LuxS-independent formation of AI-2 from ribulose-5-phosphate

Timothy J Tavender¹^,3 , Nigel M Halliday¹ , Kim R Hardie¹ and Klaus Winzer¹^,2

¹Institute of Infections, Immunity, and Inflammation, University of Nottingham, Centre for Biomolecular Sciences, Nottingham, NG7 2RD, UK

²School for Health and Medicine, Division of Biomedical and Life Sciences, Lancaster University, Bailrigg, Lancaster, LA1 4YQ, UK

³Faculty of Life Sciences, Michael Smith Building, University of Manchester, Manchester, M13 9PT, UK

author email corresponding author email

BMC Microbiology 2008, 8:98doi:10.1186/1471-2180-8-98


Published:	18 June 2008

Abstract

Background

In many bacteria, the signal molecule AI-2 is generated from its precursor S-ribosyl-L-homocysteine in a reaction catalysed by the enzyme LuxS. However, generation of AI-2-like activity has also been reported for organisms lacking the luxS gene and the existence of alternative pathways for AI-2 formation in Escherichia coli has recently been predicted by stochastic modelling. Here, we investigate the possibility that spontaneous conversion of ribulose-5-phosphate could be responsible for AI-2 generation in the absence of luxS.

Results

Buffered solutions of ribulose-5-phosphate, but not ribose-5-phosphate, were found to contain high levels of AI-2 activity following incubation at concentrations similar to those reported in vivo.

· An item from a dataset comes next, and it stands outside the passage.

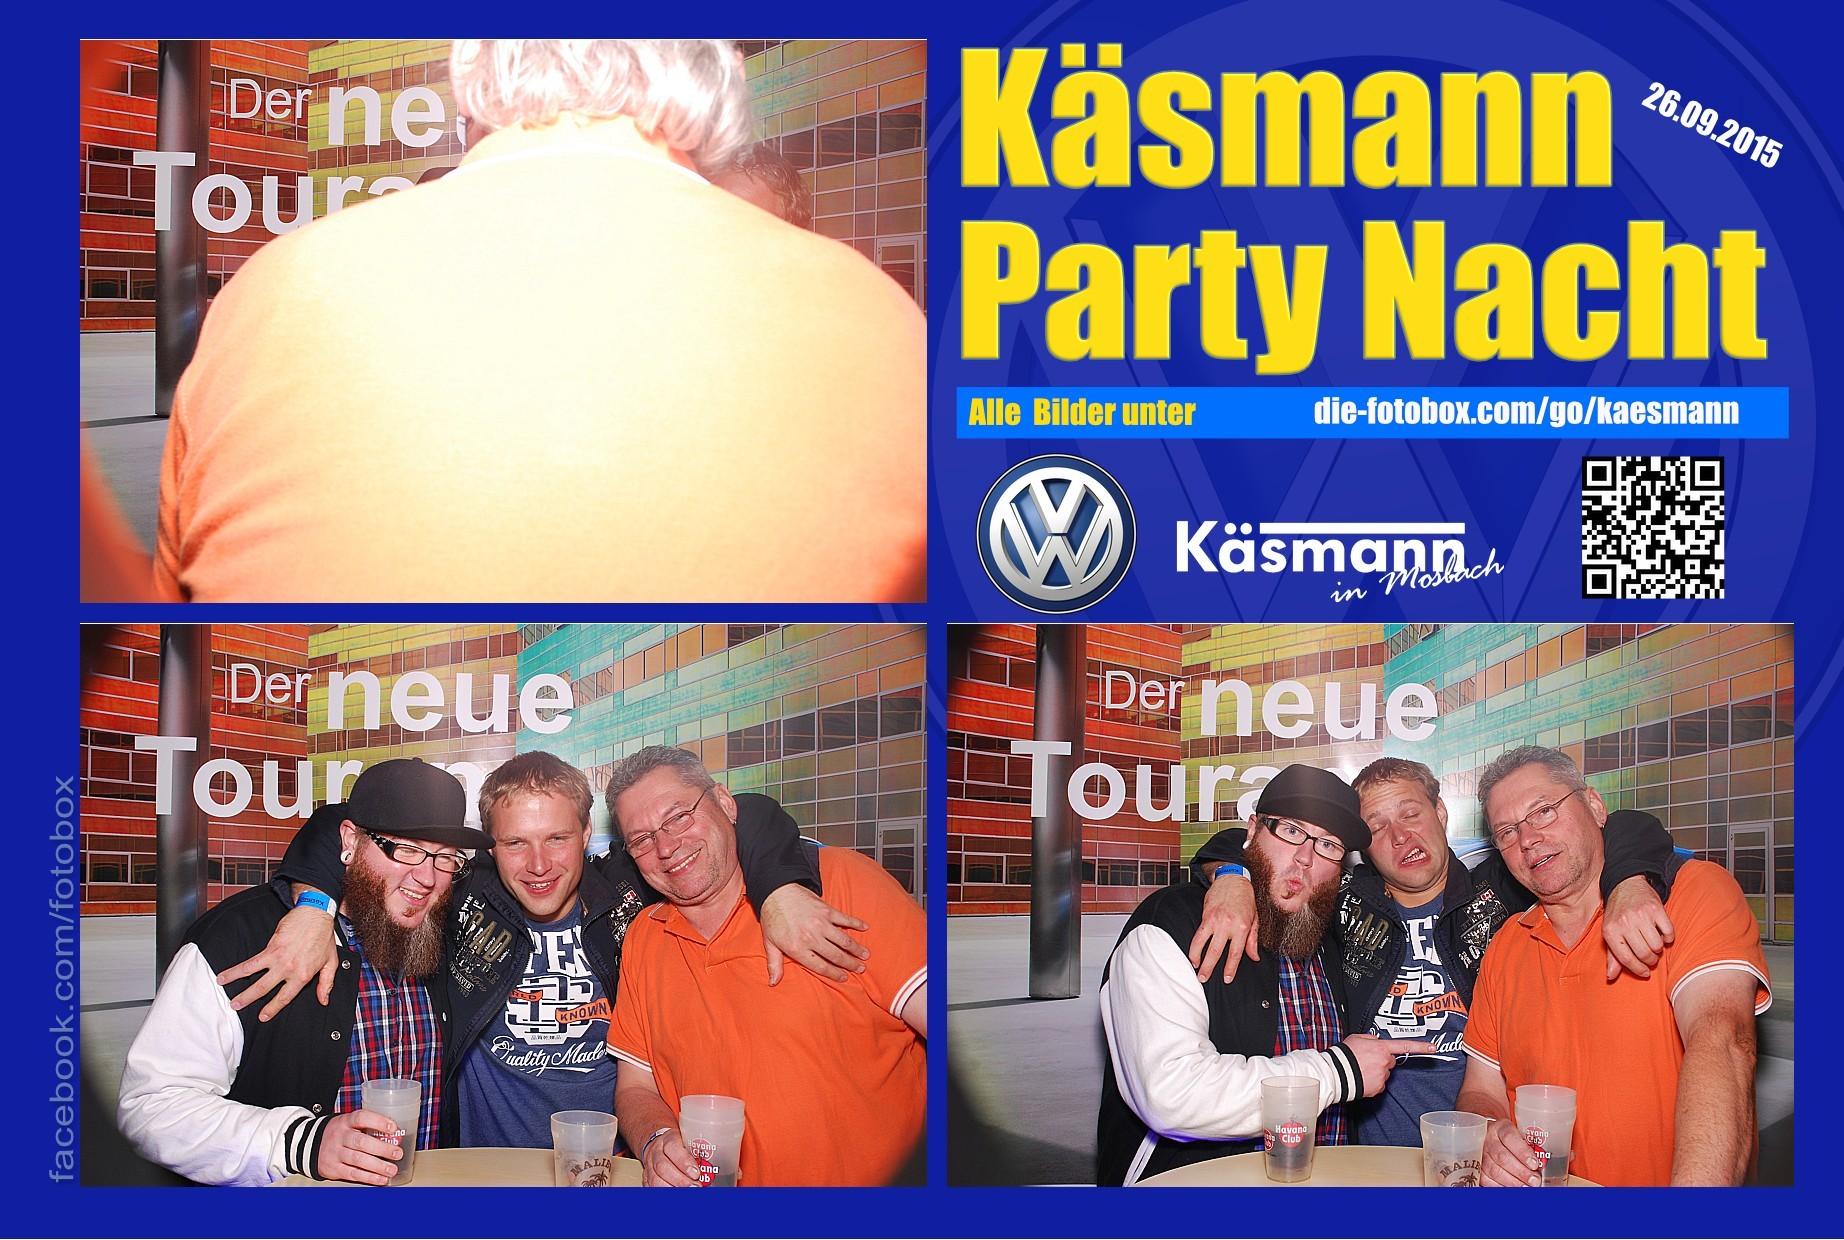 Käsmannparty 2015 - www.die-fotobox.com 01236

To test whether this process contributes to AI-2 formation by bacterial cells in vivo, an improved Vibrio harveyi bioassay was used. In agreement with previous studies, culture supernatants of E. coli and Staphylococcus aureus luxS mutants were found not to contain detectable levels of AI-2 activity. However, low activities were detected in an E. coli pgi-eda-edd-luxS mutant, a strain which degrades glucose entirely via the oxidative pentose phosphate pathway, with ribulose-5-phosphate as an obligatory intermediate.

Conclusion

Our results suggest that LuxS-independent formation of AI-2, via spontaneous conversion of ribulose-5-phosphate, may indeed occur in vivo. It does not contribute to AI-2 formation in wildtype E. coli and S. aureus under the conditions tested, but may be responsible for the AI-2-like activities reported for other organisms lacking the luxS gene.